Tuesday, October 18, 2011

Central Asia: The Lamb of God

I left the big city last week and rode 6 hours through the mountains to visit a small, isolated city and the IFES work there. We rode up the switchbacks, through a tunnel, and stopped for dumplings and tea on the jailoo (mountain plateau) where a few remaining summer yurts (traditional herder's tent homes) held out against October winds. As we left the mountains for a valley filled with neighborhoods, cows stood in the road, beautiful herds of horses crossed, and chickens watched from the ditches (Why would a chicken cross the road, really?). We barreled down on a flock of sheep traveling ahead of us, led by men on horseback. The taxi driver honked wildly and multicolored sheep bounced hurriedly out of harm's way. It happened at least ten more times.

As I lay in bed that night I thought of the sheep in the symbol of the Moravian church, the conquering Lamb.
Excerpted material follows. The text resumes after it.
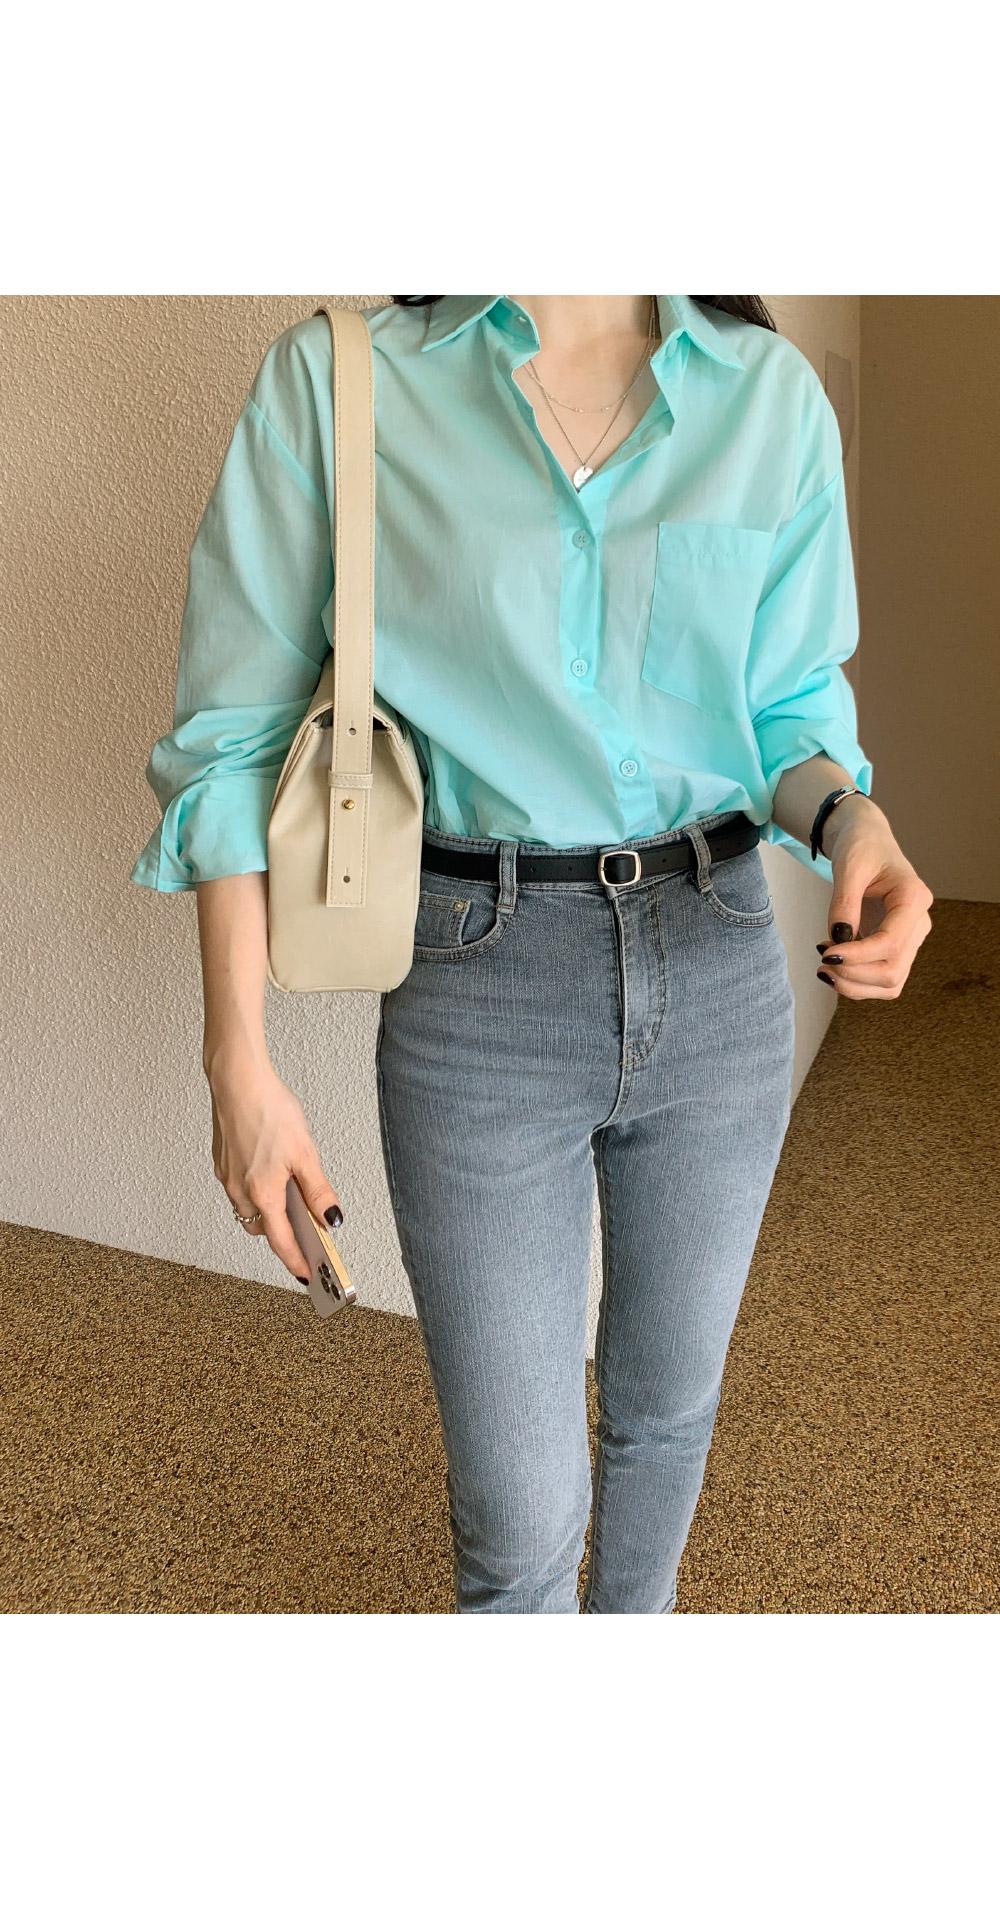 Clock shoulder bag

I imagined that Kyrgyz must understand much better than we Jesus's role as the Lamb of God. Little did I know.

A day later my hostess, Kyrgyz IFES staff, took me to the tomb of Manas, the larger-than-life warrior who united the 40 (Kyr) tribes against the Chinese, the Russians and the Tajiks. He is celebrated in the Kyrgyz's proudest literature: an days-long epic poem, memorized by ear and chanted/rapped by Manaschi. We walked around the statues, took some cheesy pics and headed past a building my host identified as 'for shamanism.' Then we came upon a patio ringed by pavilions; each had a fireplace with a metal bowl on top. My host explained, 'Here people put sheeps and kill for Manas...hm...like Old Testament.' Sure enough a man was boiling meat; we greeted him. Another couple was skinning a hanging sheep (he) and braiding it's innards (she). Their teenage son was chopping wood in his skinny jeans. He was one of this staff's non-christian students, and as they chatted he invited us to eat when the meat was ready. 'I not eat, for my conscience,' she whispered as we left them. This staff's own family wants to come and sacrifice next year, she told me sadly. 'Yes,' I said, 'I was thinking that Jesus is our sheep for God.' 'Yes,' she said.

We wound our way up the pointed hill within which Manas's spirit is said to live. At the top, overlooking the city, she told me about Kyrgyz Christian practice. In her church, a man who can afford it gives a sheep to the church every year. They slaughter it and have a picnic feast in the mountains on Easter day. They kill a sheep to celebrate the day when God sacrificed, in place of a sheep, Himself, for us.

I am reminded of Revelation, the letter John wrote to the churches of  Turkic Asia: " I know where you live—where Satan has his throne. Yet you remain true to my name. You did not renounce your faith in me, not even in the days of Antipas, my faithful witness, who was put to death in your city—where Satan lives."
 
Whoever has ears, let them hear what the Spirit says to the churches.